人通りのある表通りから、一歩角を回って脇道に入った途端、シマッタ!と感じた。そうだ、ここは、近づいてはいけない場所だったのだ。二十メートルほど前方に、サブマシンガンを手にした武装警官の姿が目に入る。鋭い視線でこちらを凝視しながら、ゆっくりと近づいてくる。今更引き返すわけにはいかない。怪しまれては大変だ。武装警官は、片手を銃把に、もう一方の手を引き金の上部に置いて、いつでも発砲できる態勢で、私の方に向かって歩いてくる。無言の恫喝、といっていい。

肩から掛けた小型軽機関銃は黒光りしている。重量感のある磨き込まれた硬質の金属塊。そこに太陽光が反射した一瞬、「美しい。あの銃を手にしてみたい。」と感じた。部厚い防弾チョッキを着けた武装警官の姿はもう、目と鼻の先まで近づいてきている。

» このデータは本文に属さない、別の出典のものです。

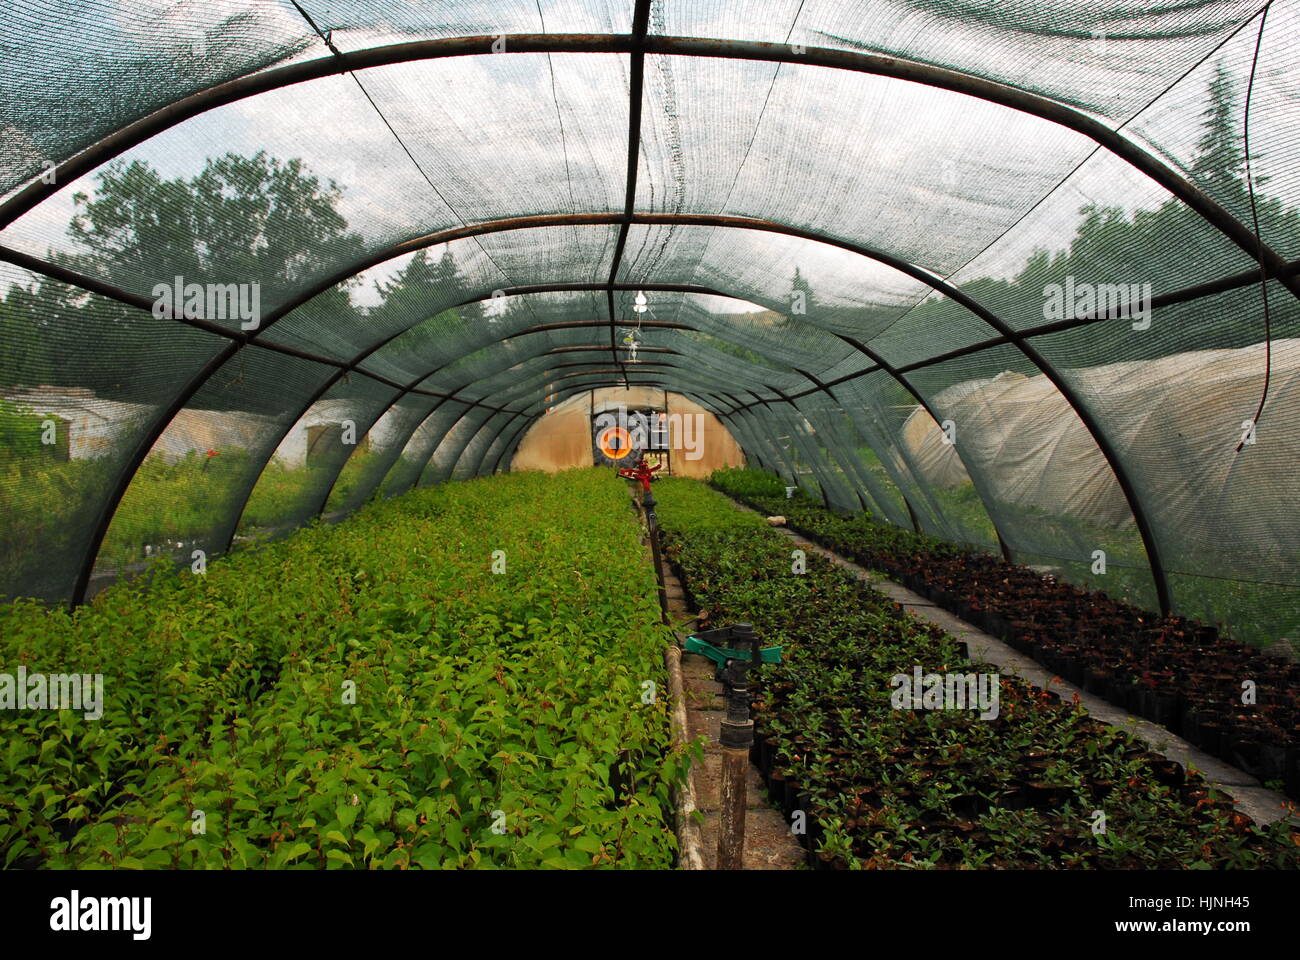 Green House and plants at the rural area Stock Photo

何も知らない日本人観光客が、間違って入り込んでしまった、というフリをするほかない。ビックリした顔をよそおいながら、警官の鋭い視線を避けて、道の反対側に目を向ける。大型乗用車二台が余裕を持ってすれ違えるほどの道幅で、反対側にも歩道がある。そちらの歩道には、安物のスーツを着た男が二人、私を凝視している。スーツの下で鍛え上げた肉体がうごめいているのが一目でわかる。上着の下には、高性能の銃器を身に着けているに違いない。本来中東系でありながら、アラブ系とはまた異なる顔立ち。いずれにしても、軽機関銃の白人警官よりは、こちらの方がはるかに恐ろしい存在であると見て、まず間違いのないところだろう。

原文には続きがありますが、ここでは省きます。